Şehrin içinden tramvay geçirdiler.Nürnberg tramvayı...çiling çulung diyor , tıngır mıngır geçiyor.
Sonra şehir hayatı hızı ile ölçtüğünüzde "bir anda" lastik tekerlekli canavarlara saatte 80 kilometre hız yapın
dedikleri delikleri açtılar.
Ölüme koşan vızıltılarla geçtiler şehrin içinden.
Sonra İspanyol tramvayı çıktı ortaya.
Kuzeyden güneye yırttı attı şehri.
Henüz sesini duyamadık..Hareket edemeyen bir ağırlıkla şehrin üzerine çöktü.
Parça parça bir şehrin parçalanmış insanlarıyız artık.

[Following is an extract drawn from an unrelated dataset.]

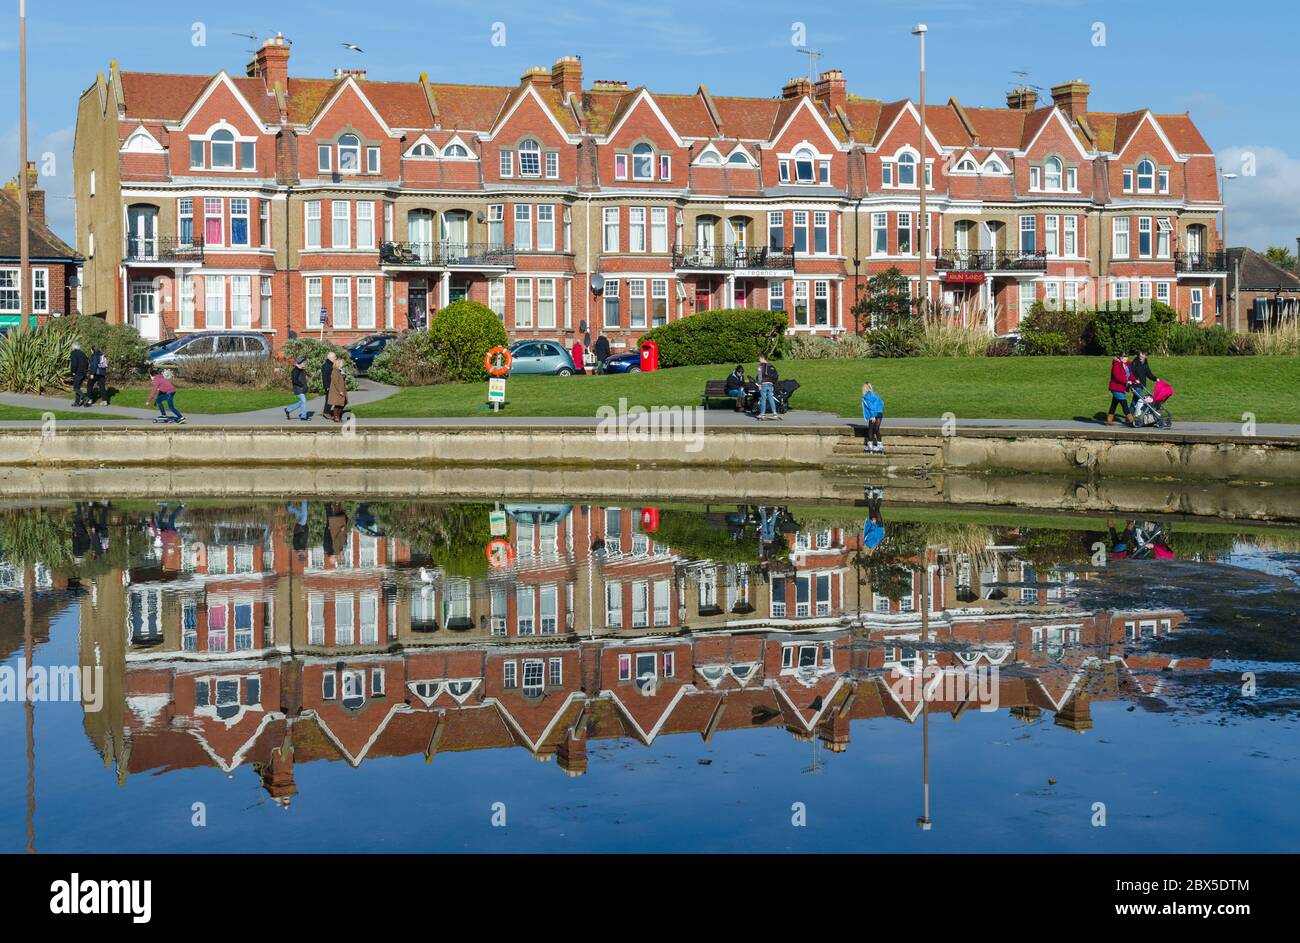 Maisons en terrasse victorienne avec reflets dans le lac voisin de Littlehampton, West Sussex, Angleterre, Royaume-Uni. Maison victorienne Royaume-Uni. Banque D'Images

Konyaaltı ile Larayı birleştirelim , havalimanını şehre bağlayalım diye çıkmıştık yola.
Kuzey antalyalı - güney antalyalı olduk. Doğu antalyada doğup batısını görememiş kuşaklar yetiştirdik.
Avuç içi kadar bir şehri nasıl böyle kısa bir sürede paramparça ettik?
Üstelik her bir büyük yatırım için bu kentin gönüllüleri düşüncelerini açıkladılar.
Kimi yapmayın dedi , kimi yaparsanız böyle olur dedi.
Duymadılar...Dinlemediler...
Muhtemelen bu günde duymuyorlar , dinlemiyorlar...
Dünya yılı ile ölçülen bir zaman kavramına oturttuğumuz insan ömrümüz var.
Aynı zaman kavramında algıladığımız şehirlerin de ömrü var.
Bir şehrin ömrü , insan ömrü ile ölçüldüğünde 100 lerce insan kuşağı ile anlatılabilir.
Bir insanın 5 yıllık hizmet süresinde yapacağı işleri bir şehrin kabul etmesi için yapılacak işin yıllarca konuşulmuş , planlanmış ve üzerinde anlaşılmış olması gerekir.
20 yıl oldu bu şehir "dönerciler çarşısını" kabul ettimi?
Nürnberg tramvayı hala bir şehir oyuncağı.
Battı çıktılar şehri ikiye ayırdı ve birleştirmek için çok daha büyük köprüler ve yeni ulaşım aksları yapmak zorundayız
İspanyol tramvayı mevcut hattında taşıyacak insan bulacak mı ? sorusu henüz yanıtlanmadı.
20 insan yılı sonra belki...
50 insan yılında oluşan şehir dokusunu yok etti.Kendi dokusunu da en iyimser bakışla 20 yılda oluşturacak.
Sizi bilmem ama benim içimde sıkıntılı bir tramvay patinaj yapıyor.
Beni ve içinde yaşadığım şehri hiçbir yere götüremeyen bir boşuna çaba.
Canım sıkılıyor.
Küçük bir gazete haberi.
Güzel ülkemin güzel şehirlerinde bir günde 9 insan kendi canına kıymış.
Düşlediğimiz ve istediğimiz bence bu değildi.
Yönetim kararları insanları mutlu etmek için alınmalı.
Huzurlu ve güvenli yarınlar planlayan yöneticilerimiz olmalı.
Hadi vaz geçtim...Hiç olmazsa Antalya'nın yöneticileri böyle olmalı.